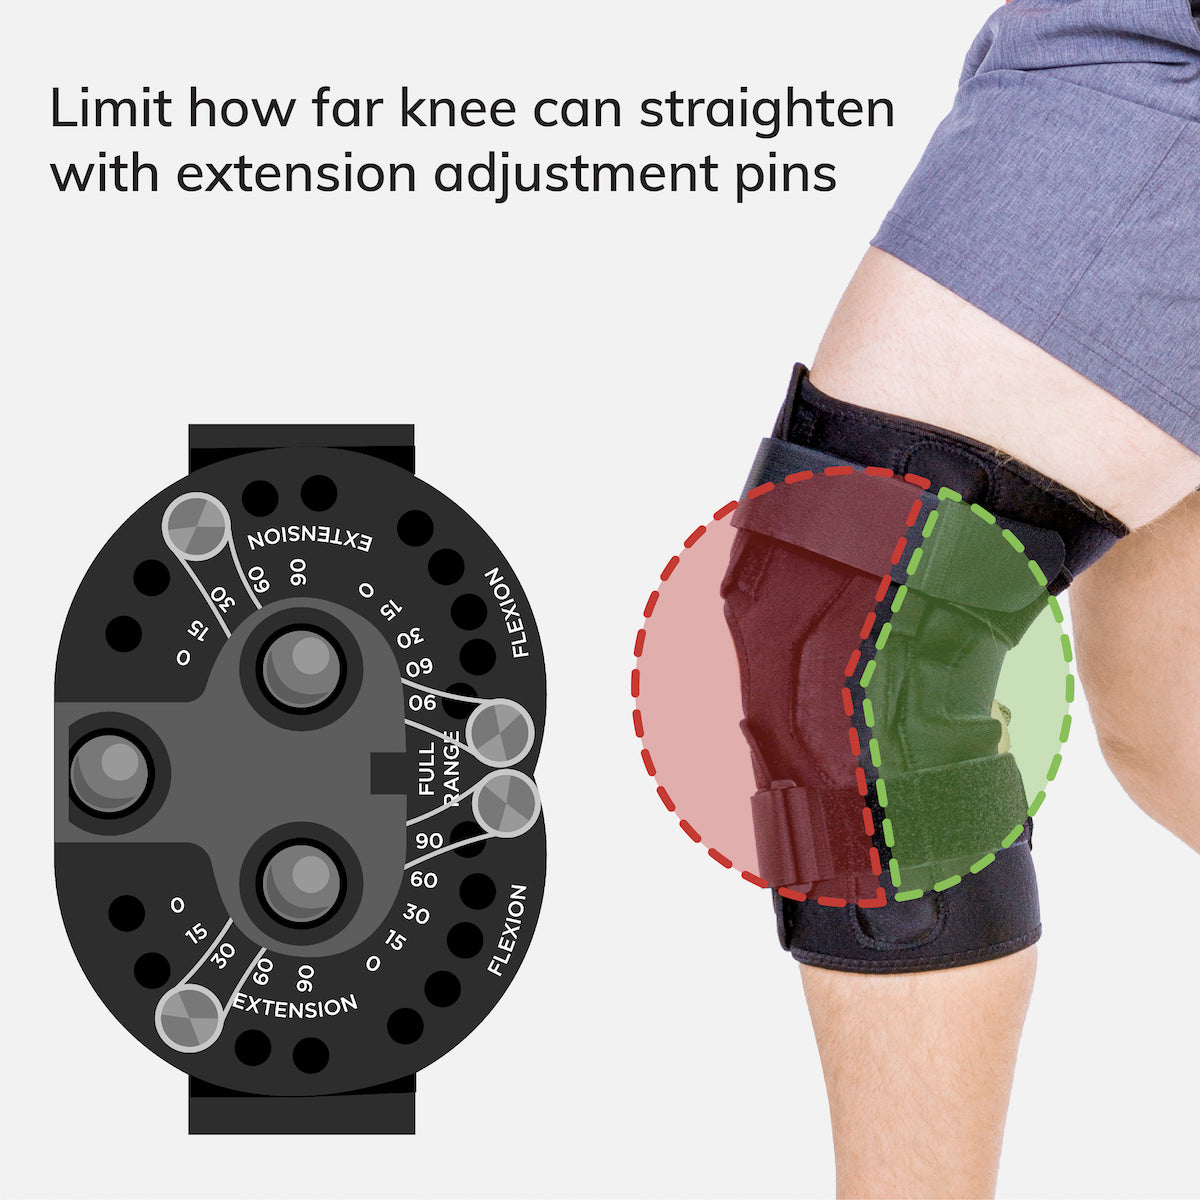 Adjusting the extension pins prevent how far you can bend your knee, generally used post op for hyperextension or a pcl tear
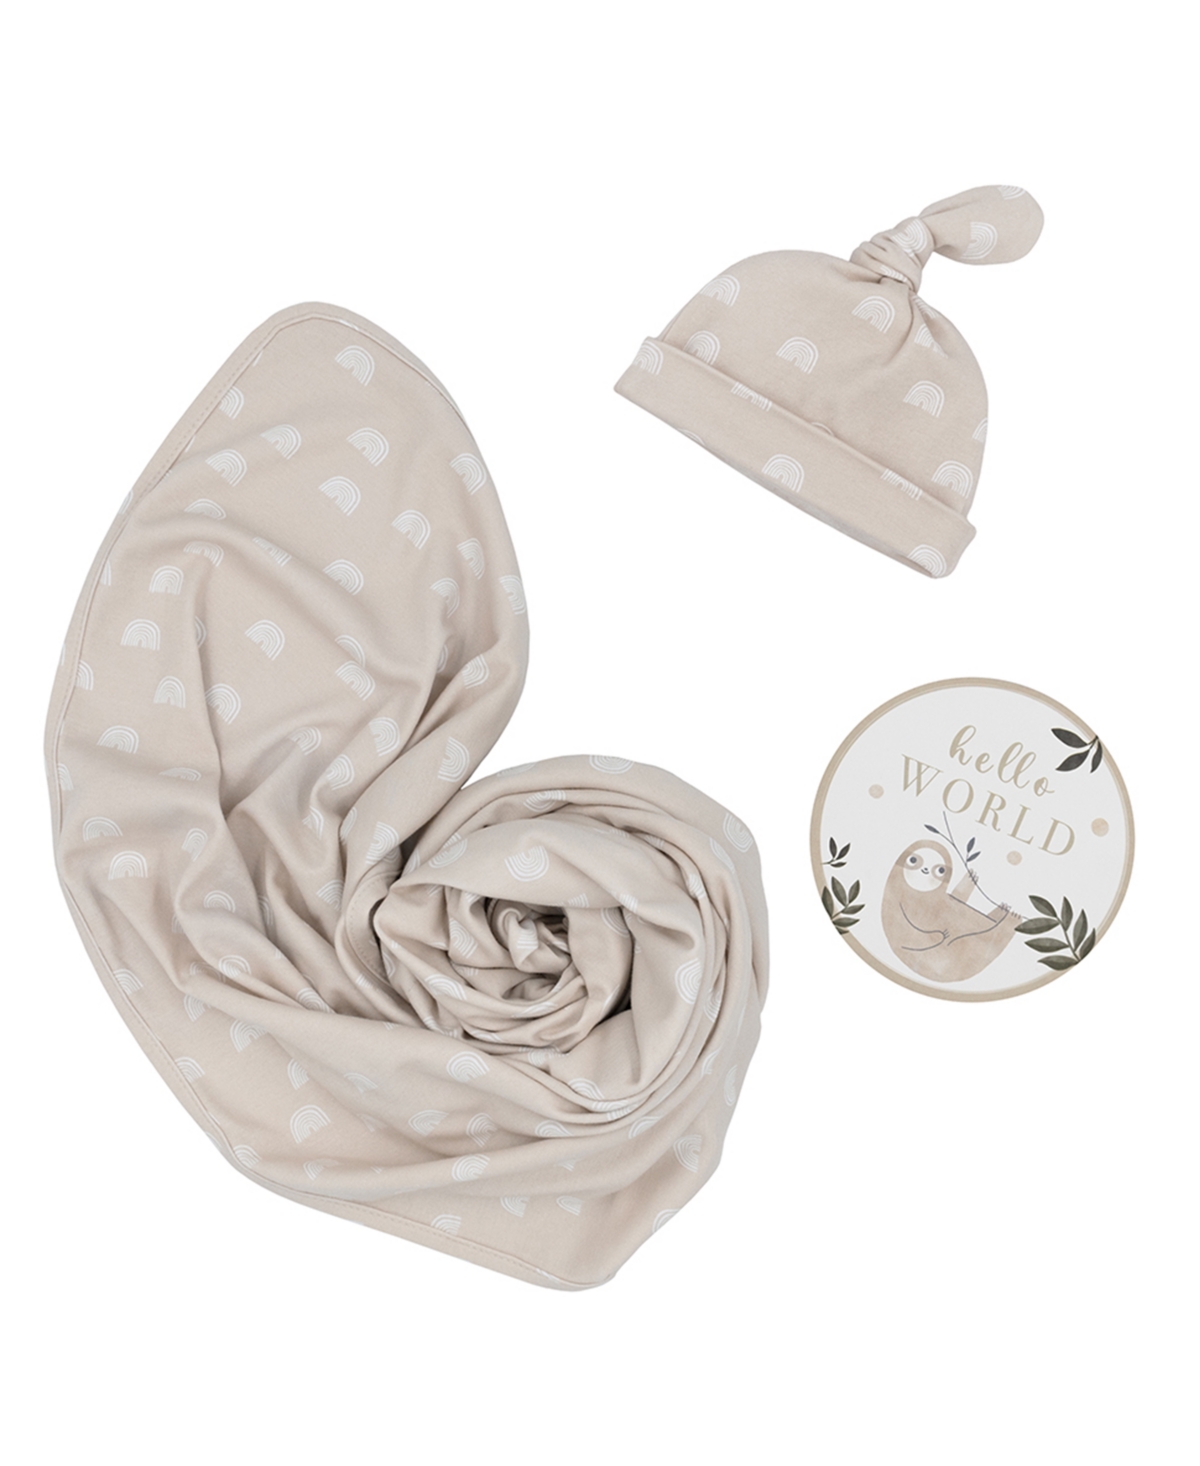 Living Textiles Baby Boys Or Baby Girls Hello World Gift Set, 3 Piece In Taupe
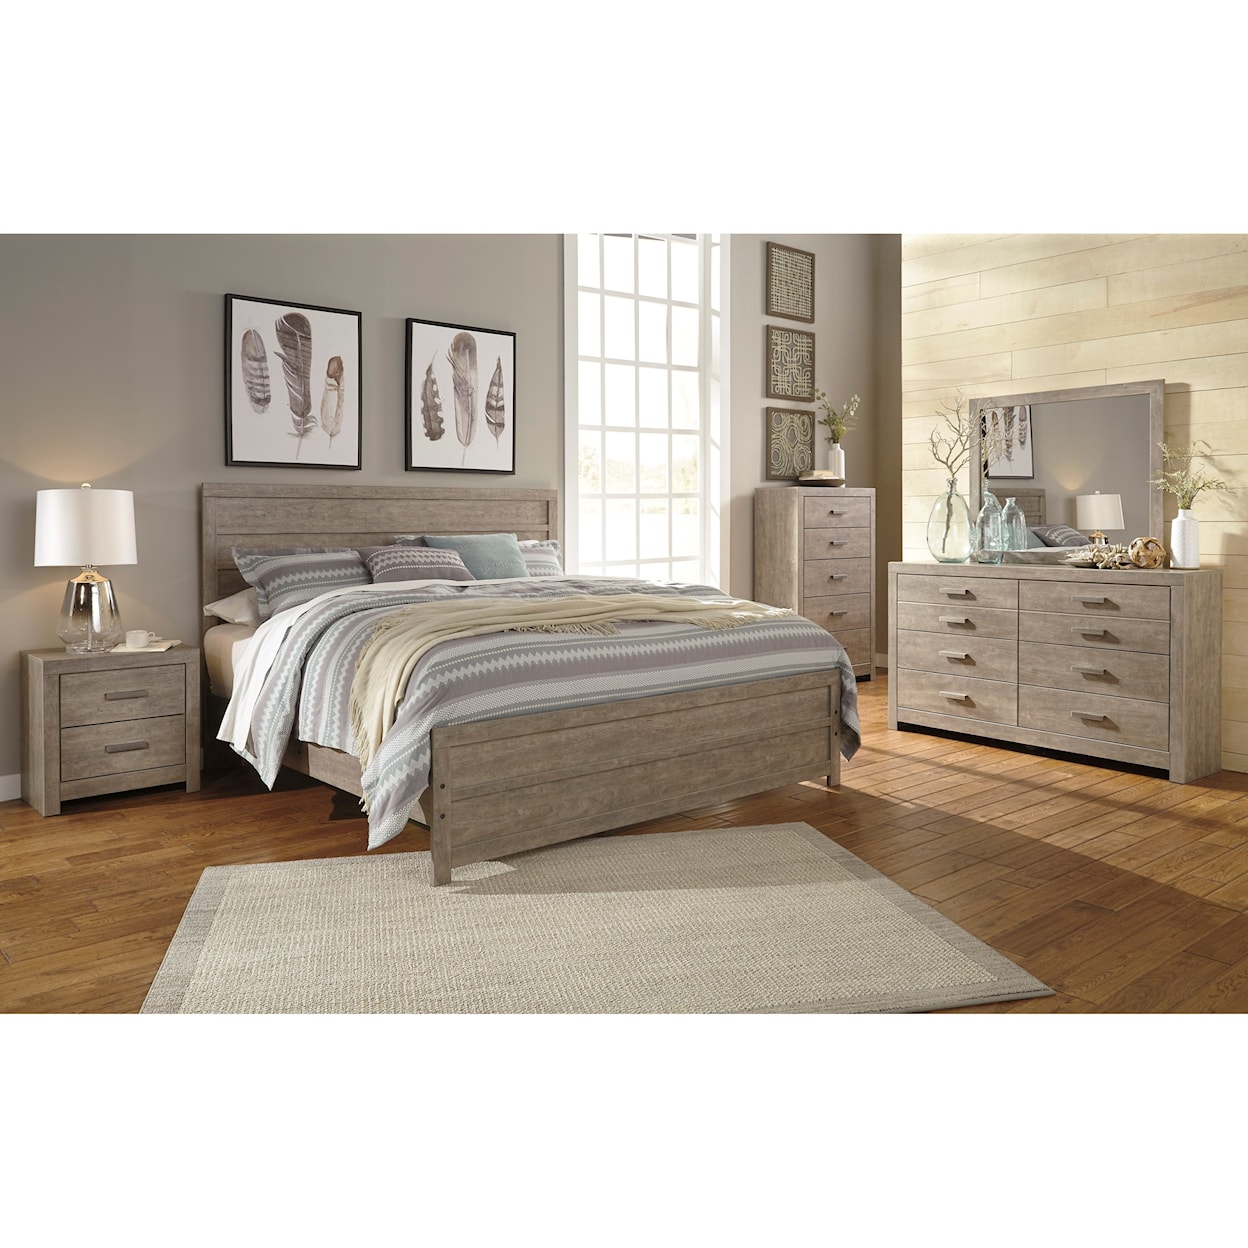 Signature Clover King Bedroom Group

....

▶ TASK TO CARRY OUT
Write out, word for word, only the lines from the one containing "Living Textiles Baby" to the end of the data above; the pictures stay out.

▶ COMPLETED EXERCISE
 Living Textiles Baby Boys Or Baby Girls Hello World Gift Set, 3 Piece In Taupe
 Signature Clover King Bedroom Group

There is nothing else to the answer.